Comme la plupart des films que j'ai pu voir cette année et qui m'ont surpris, je n'avais rien lu au préalable sur Birdman, ne savais rien de l'intrigue et étais pas du tout au courant de la présence d'Edward Norton, qui m'aurait à elle seule motivée pour aller voir le film, avec d'autres membres du castings relativement intéressants.
Si Birdman prend l'allure, au début, d'un mauvais film sur du mauvais théâtre, tout se met en place très vite, en quelques traits bien placés qui ont réussi à me captiver pratiquement directement. La caméra, premièrement, que j'ai trouvé vertigineuse, indiscrète, grossière, très réussie. La pose très subtile d'éléments de l'intrigue qui s'imbriquent sur plusieurs niveaux, avec naturellement la pièce, proposée comme mise en abyme principale (notamment la remarque de Riggan sur le fait que cette pièce ressemble de plus en plus à une miniature grotesque et déformée de sa vie), et puisque la pièce parle de l'amour (d'autre part, il me semble que c'est la tirade de Mike, "Yes, yes love is absolute ! " qui m'a fait tomber amoureuse du film), le film parle d'amour, d'admiration, et d'existence, mais plus que tout, il parle d'art.

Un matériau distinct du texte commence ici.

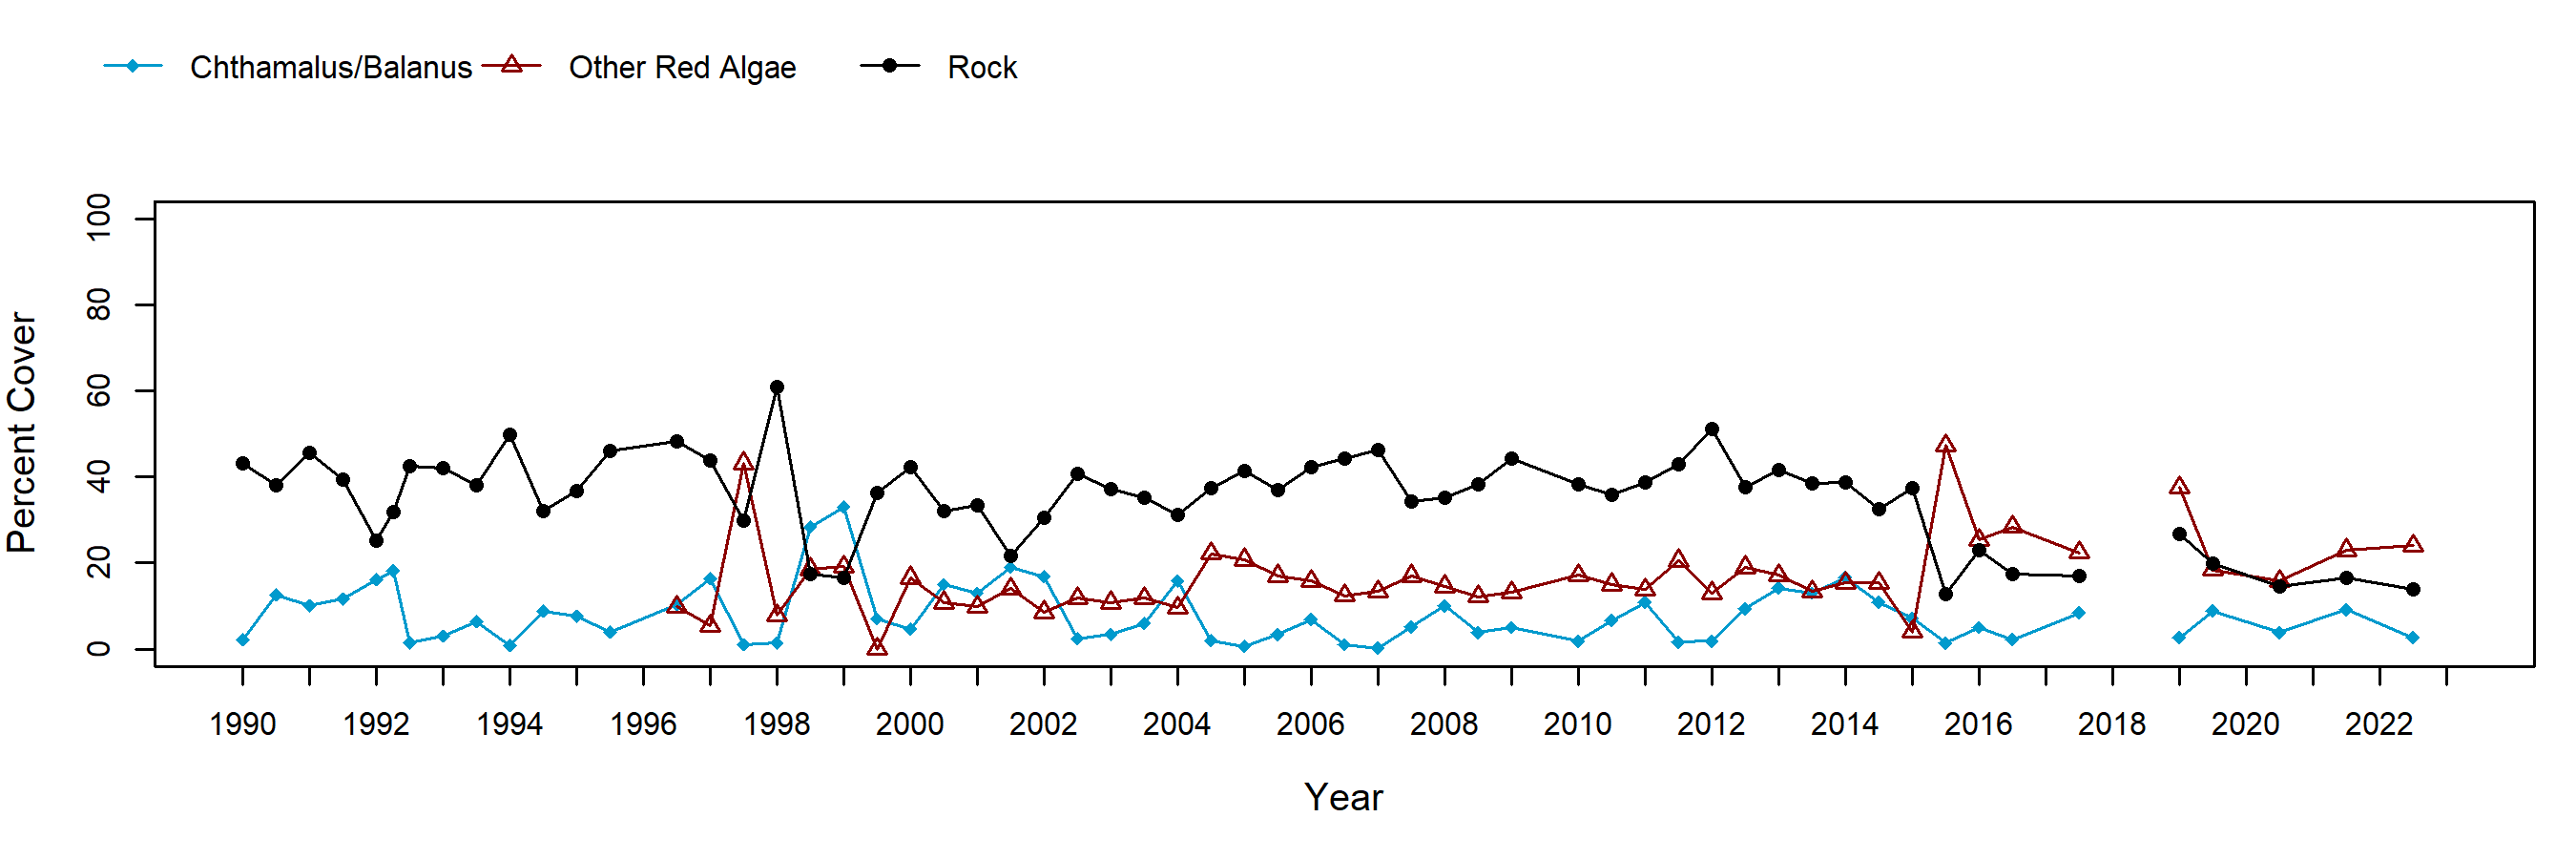 Cabrillo I barnacle trend plot

J'ai trouvé très bien joué, et très sensible, la position de Riggan Thompson, qui après une carrière réussie en jouant Birdman, un super héros grand public dans un film d'action, essaie de monter une pièce à Broadway, et essaie de...quoi, faire de l'art ? Le but n'est pas vraiment là, mais il essaie en tout cas de se prouver quelque chose, et si ce n'est le but de l'art, et du théâtre (qui à maints égards est un art très éprouvant), je ne sais pas ce que le but de l'art est. Il y a donc cette opposition entre la facilité du film d'action (la facilité du divertissement, de Hollywood, de ces "égoïstes, prétentieux, spoiled kids") et la maladie d'Hollywood et de tous les acteurs qui s'inquiètent de leur célébrité et mesurent leur talent à l'aune des foules, et d'un autre côté, il y a l'art, le théâtre, symbolisé par Mike, qui est incapable d'être vrai sauf sur scène, et cette volonté de faire de l'art et de gagner du prestige ("Popularity is the slutty little cousin of prestige"), etc. Mais les apparences sont trompeuses. Les maladies ne sont pas où on le croit. L'opposition des deux caractères masculins principaux (Mike et Riggan) m'a touchée et était convaincante. La BO géniale et les dialogues percutants qui ne perdent jamais leur rythme. J'ai vécu le film dans un état d'excitation intense que la caméra communique très bien. L'atmosphère électrique de New York est rendue à merveille, avec une fébrilité croissante.
Pareil pour l'analyse de la situation de l'art maintenant et de la constante peur de non-existence comme symptôme d'un 21e siècle un peu dépassé par la technologie. La question revient à: est-ce que j'existe si les autres m'aiment pour quelqu'un que je ne suis pas ? M'aiment pour un mensonge ? M'aiment pour quelque chose comme je rejette comme étant de la "sous-culture" mais qui me définit ?
On reprochera peut-être au film sa prévisibilité, mais elle est certainement voulue, en aucun cas ce suicide devait être un acte surprenant pour le spectateur. Le génie de ce film revient entre autres à sa construction méticuleuse, notamment basée sur le rapport père-fille conflictuel qui se résout à la fin...ç'aurait pu être cliché ça ne l'est pas, aucune scène ne l'est. Pourquoi ? Parce que ce sont des tripes, de la vraie matière que le réalisateur nous a posé sur la table, ou plutôt sur la scène, et ça a été ma plus grande baffe cinématographique jusqu'à maintenant.